Friedman reportedly failed to adequately explore whether the equal protection clause of the 14th Amendment applies to sexual orientation, instead opting to make his the only opinion that matters in deciding who may marry in his state.

“Not once did Judge Friedman address the language of the Fourteenth Amendment,” the document stated, “beyond reciting the words ‘due process’ and ‘equal protection.’”

In overlooking the actual text of that amendment, the brief claims, he was able to ignore the fact that it makes no mention of homosexual marriage.
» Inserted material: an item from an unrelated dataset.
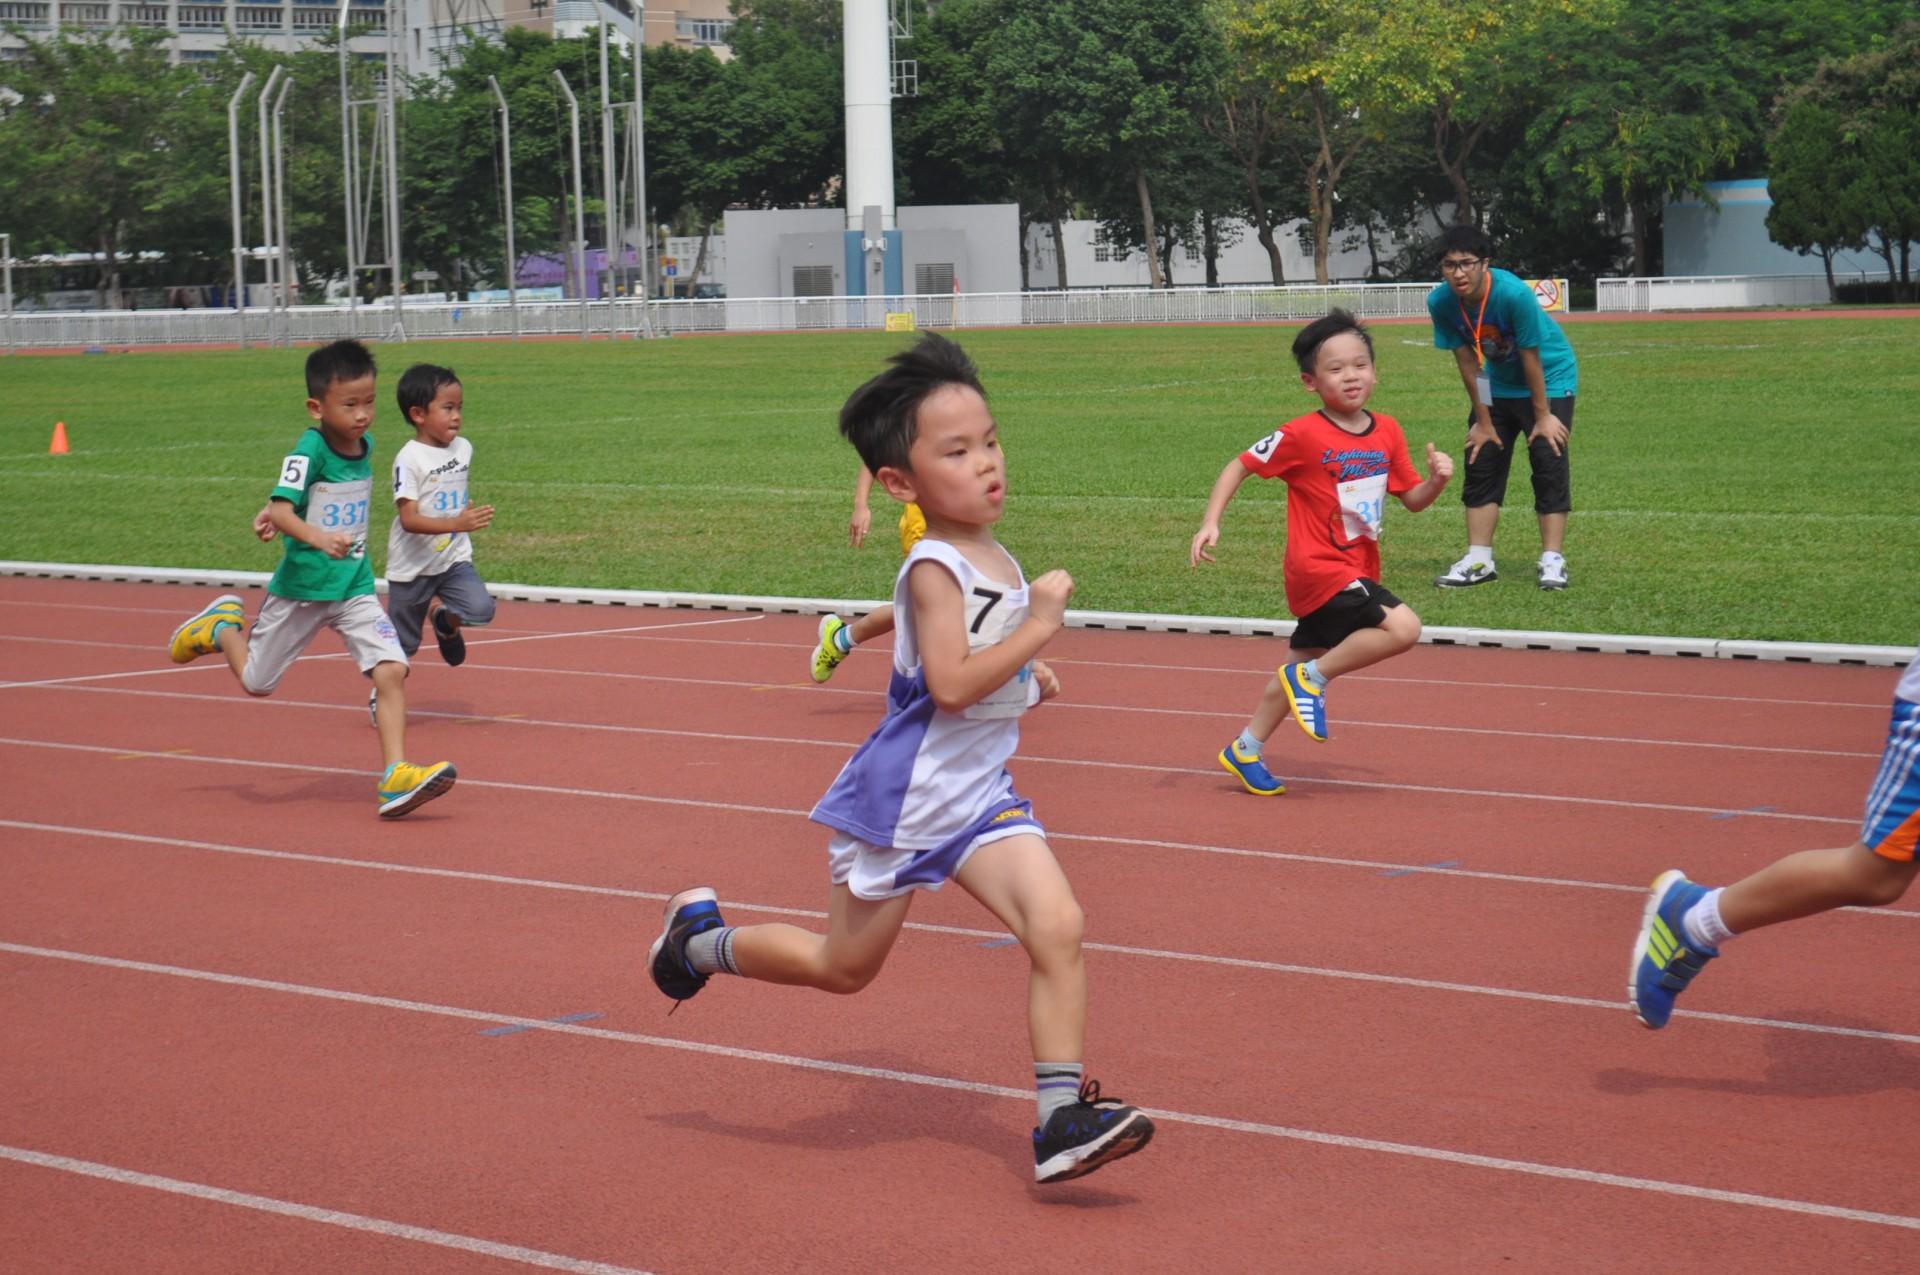 第九屆香港兒童奧林匹克田徑錦標賽2017   Athkids Sports Association

“Without analysis or explanation, Judge Friedman presumed that a person in a same-sex relationship is ‘similarly situated’ to a person in an opposite-sex relationship,” the brief explained, going on to cite “three distinct biological and physiological dissimilarities between same-sex and opposite-sex couples that demonstrate that a person desirous of marrying another person of the same sex is not similarly situated with a person who is desirous of marrying a person of the opposite sex.”

The three points relate to biological gender classification, the existence of complementary sexual organs, and the inability of procreation between same-sex partners.

While the judge acknowledged that citizens of the state should be able to decide such matters for themselves, the brief concluded that he “paid only lip service” to the idea of federalism, concluding his decision will doubtlessly “lead to challenges to state laws prohibiting polygamy and even incestuous couples.”